Collin may be young, but he is quick and articulate. With a smile, he tackled Clark's three tiers, point by point. I found myself following the individual claims. But I was feeling lost on the overall drift of things. As the words bounced to and fro between Clark and Collin, that sense strengthened.
It's not uncommon that I find myself struggling to follow what appears to be a perfectly well-functioning exchange. I'm not so clever or quick. There was something about this one that made me wonder if I was the only one feeling lost. It is a gamble. A chair should intercede only rarely. This seemed like a good time; and it might help a junior scholar in his tussle with a senior one.
"Clark," I ask, "I'm trying to figure out just what is bothering you. Is it that Collin has suppressed causation in his account of explanation? Is the sticking point that explanation has to be causal, the revealing of causes?"
"No, that's not it." Clark responded as best as I can now recall, "I'm just asking if you deleted explanation from your account of the models, what would be lost?"
The wheels spun in my head and tumblers fell into place.
"Oh, I get it, you just don't like explanation period. It's nothing to do with causes!"
The moment of enlightenment was satisfying and led immediately to my next question:
"Why didn't you say it?!"
The comeback was a memorable moment in Center repartee.
"I did say it. Why didn't you hear it?!"
That was the beginning of a long, energetic question time. It's hard for me now to identify all the strands pursued. One major one, however, was Collin's excision of causation from the explanations. That did not sit well in the room.
As this question came back in many forms, Collin began to concede that he could weaken the excision without losing anything that mattered. He was precluding causal processes in the sense of Salmon from his account. But he was allowing them in the Woodward interventionist sense. That was hard to resist since Woodward himself had just made the case for Collin's models employing explanation in the Woodward sense.
Collin finally produced a good summary. "It's not about what is causal and non-causal. It's about what is explanatory." I thought that said it well.
The minutes where ticking down and it was time to hurry things along. "We have three questions in the queue and nine minutes. That's three minutes a piece."
Then: "We have two minutes. Edouard then Julia..."
The gallant Frenchman gestured that Julia should go first. Clark's finger was in the air and he was saying "I need ten seconds."
While Julia spoke, I retrieved the umbrella and was holding it visibly. The tension was rising. It was beginning to feel like the closing moments of an auction run amok. All might be won or lost with the wave of a hand.
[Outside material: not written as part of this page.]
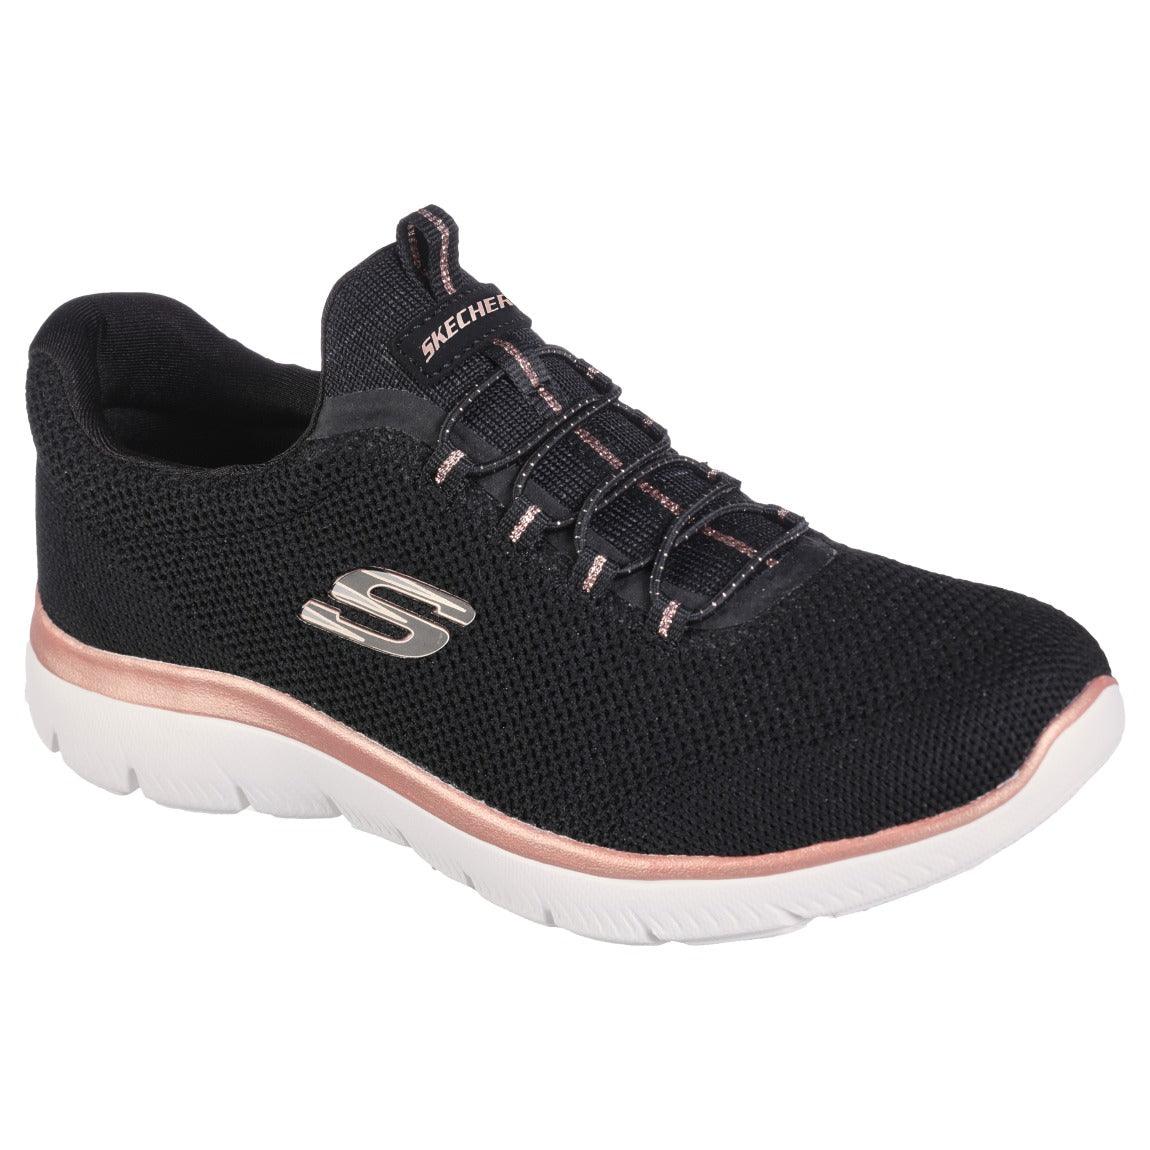 Summit Cool Classic Shoes - Women's - Sports Excellence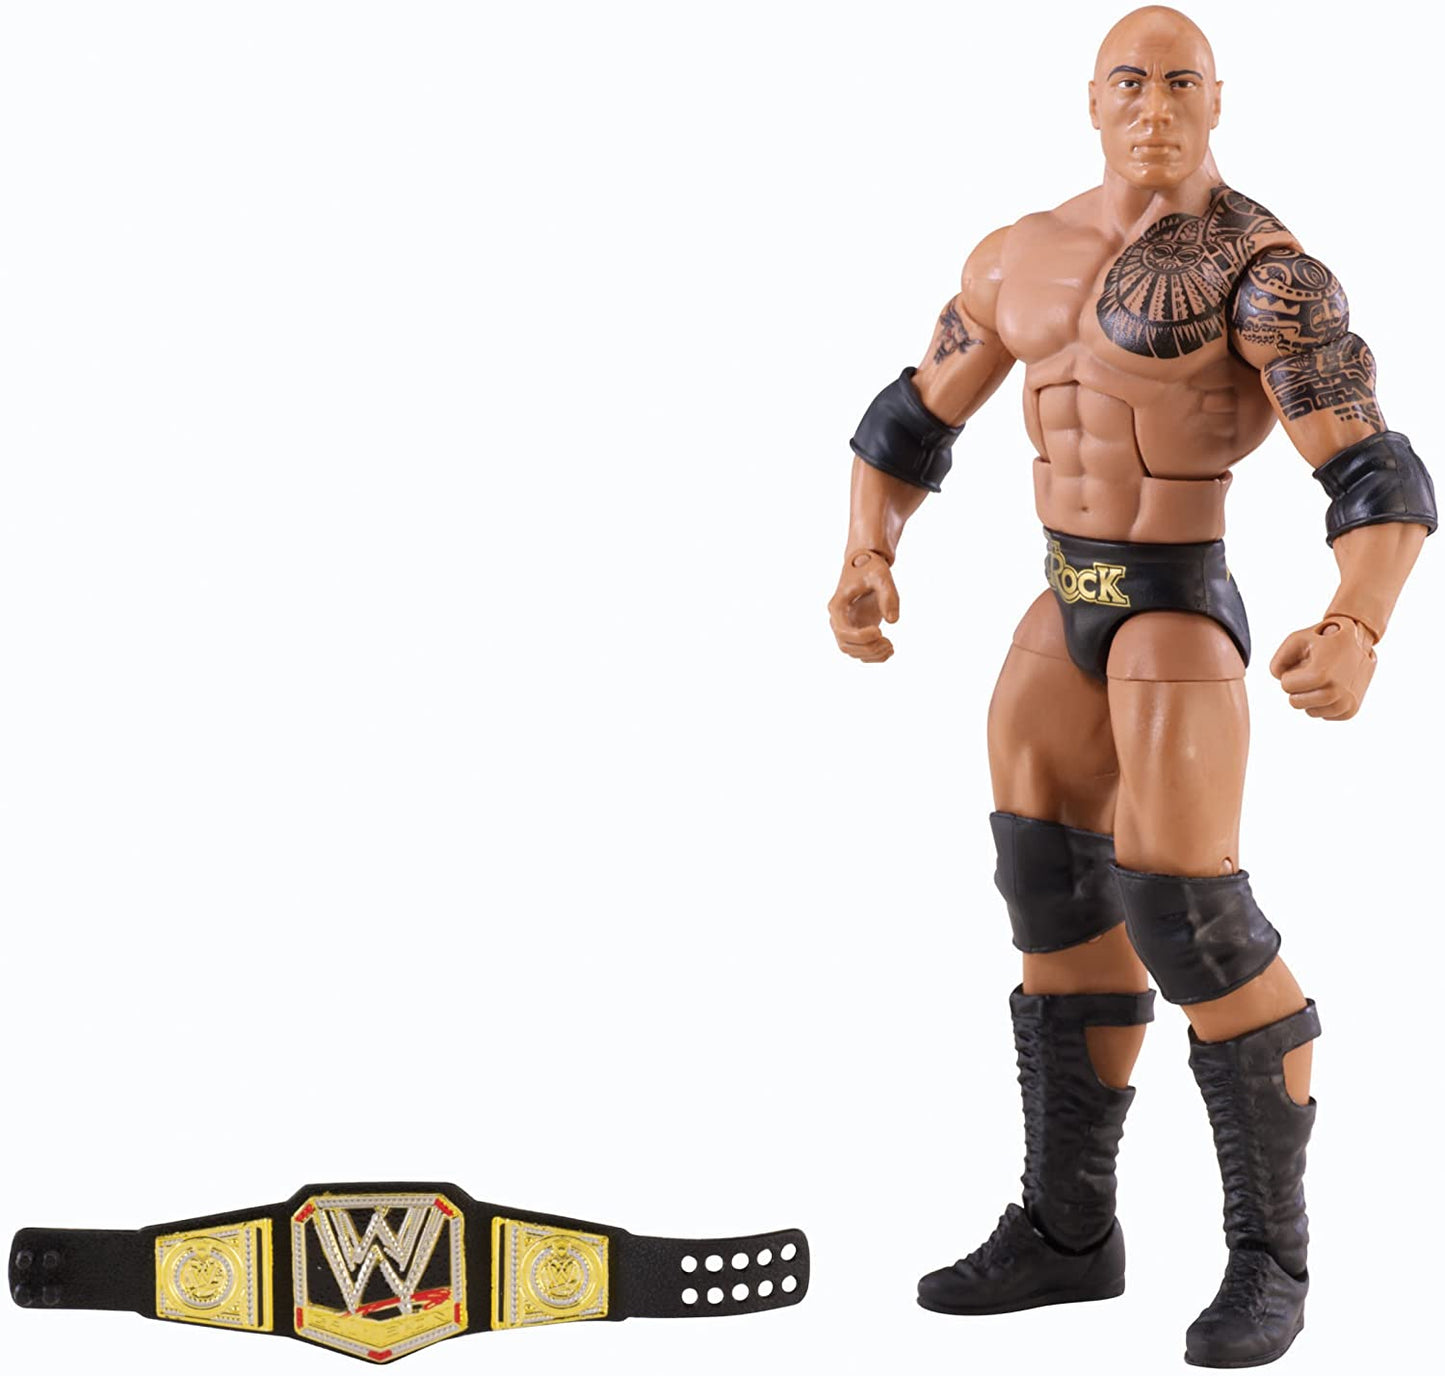 WWE Mattel Elite Collection Series 22 The Rock

"We have thirty seconds..."
"Then," said Edouard firmly before Clark could start, "I will take them." This new bid roused a chorus of amused murmurs.
After Edouard's thirty seconds, Clark decided that he now needed only five seconds. I yielded to the inevitable. Allocating 1.25 seconds to each word, he said:
"Explaining is an honorific."
The last words had been said. The applause was spontaneous and Collin received his umbrella. He had earned it.